Data included geo-located, English language tweets from Twitter within a rectangular grid around NYC within eleven days around the time when Hurricane Sandy made landfall (October 29, 2012), i.e., between October 22 and November 1, 2012. Data was obtained from the Harvard Center for Geographical Analysis Geo-tweet archive (CGA) and combined with additional Twitter data from GeoFeedia (https://geofeedia.com) to fill some missing dates of the CGA data. Although we aimed to compile data covering a 14-day cycle that would have captured the typical timeframe in many standard psychiatric questionnaires, our combined data using these sources restricted us to only 11 days. The combined dataset included 423,931 tweets, of which 344,957 tweets (81%) were deemed suitable for our analysis, i.e., were in English as identified by an ensemble vote of two language identification models [50,51].

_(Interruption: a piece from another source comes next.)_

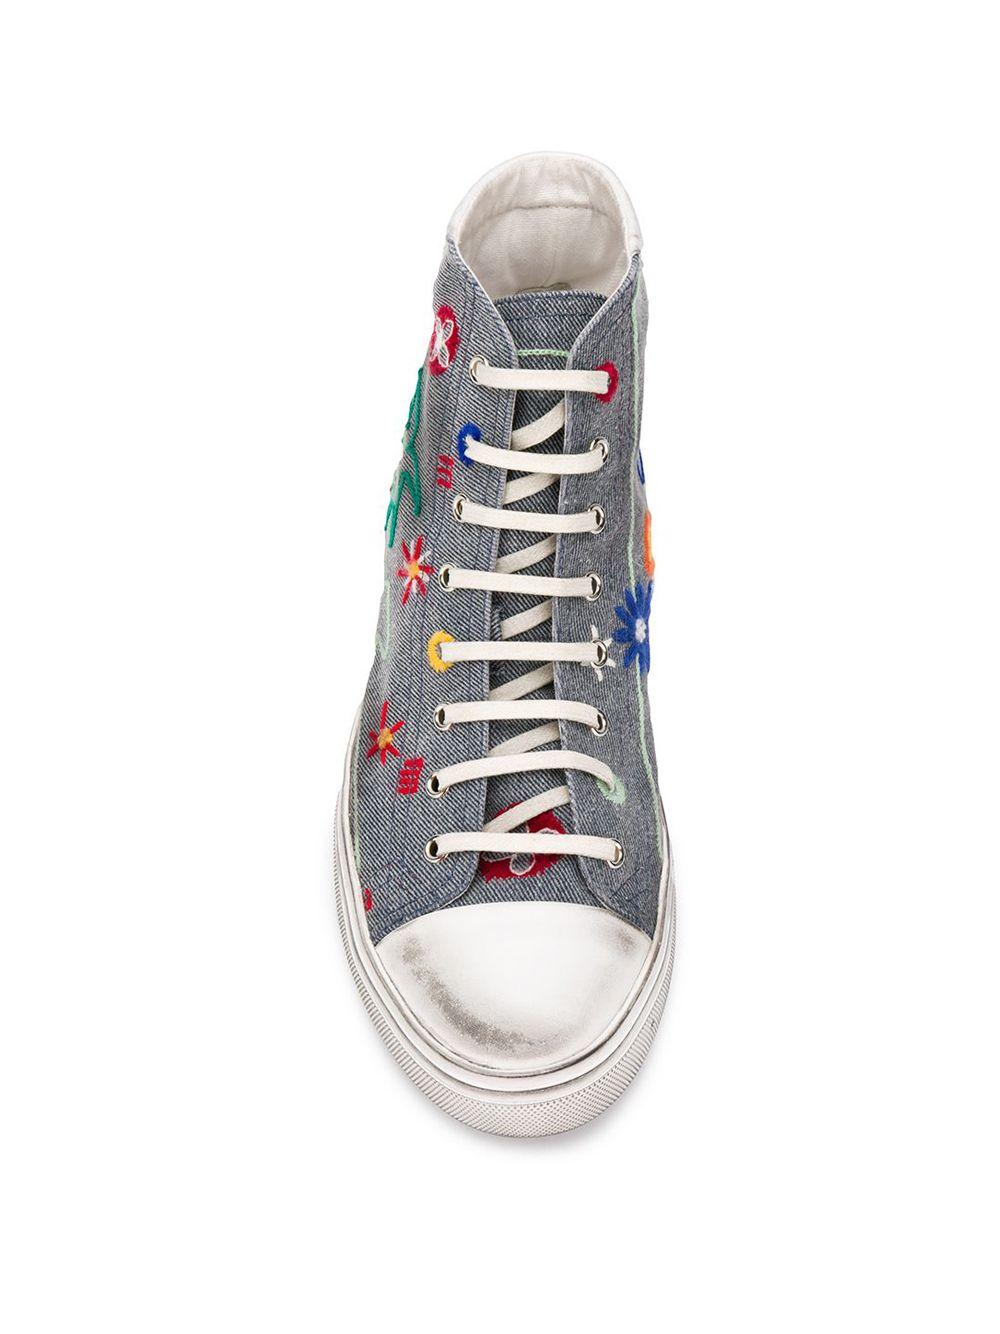 Saint Laurent Tropical-Embroidered High Top Bedford Distressed Sneakers Size 38 In New Condition In Paradise Island, BS

Specific emotions were extracted from the Twitter activity of users in the greater NYC area during Hurricane Sandy. We found 1,952 tweets (0.6%) classified as anger, 603 (0.2%) as confusion, 2,627 (0.8%) as disgust, 1,715 (0.5%) as fear, 5,457 (1.6%) as sadness, 350 (0.1%) as shame, and 2,192 (0.6%) as surprise. From Fig 1, we noted that sadness was the most pronounced emotion during the entire time frame and was particularly elevated one day after the hurricane made land fall in the greater NYC area. Percentages of fear and surprise were temporarily elevated in the Twitter activity of users on the day of disaster. We further noted that anger and disgust were slightly elevated in the three days after the disaster. Fig 2 describes the spatial distribution of absolute numbers of tweets and percentages of single emotions (displayed in quintiles) at the census tract level across the greater NYC area for the time frame of 11 days, i.e. from October 22 to November 1, 2012. We noted that most tweets were sent from locations that are highly populated (e.g., lower Manhattan), transit places (e.g., airports), or places of recreation (e.g., central park). Anger, fear, sadness, and surprise were elevated (highest quintile) in areas with a waterfront or in exposed areas (e.g., Sandy Hook, Englewood, Rikers Island, Cony Island) but to some extent also in scattered areas in the hinterland of New Jersey.
We demonstrated a novel space-time syndromic surveillance approach for disaster mental health by extracting multiple emotions from Twitter for the greater NYC area over eleven days, October 22 to November 1, 2012, and detecting clusters that represented excess risk of these emotions in space and time as a way anticipating acute stress in the population.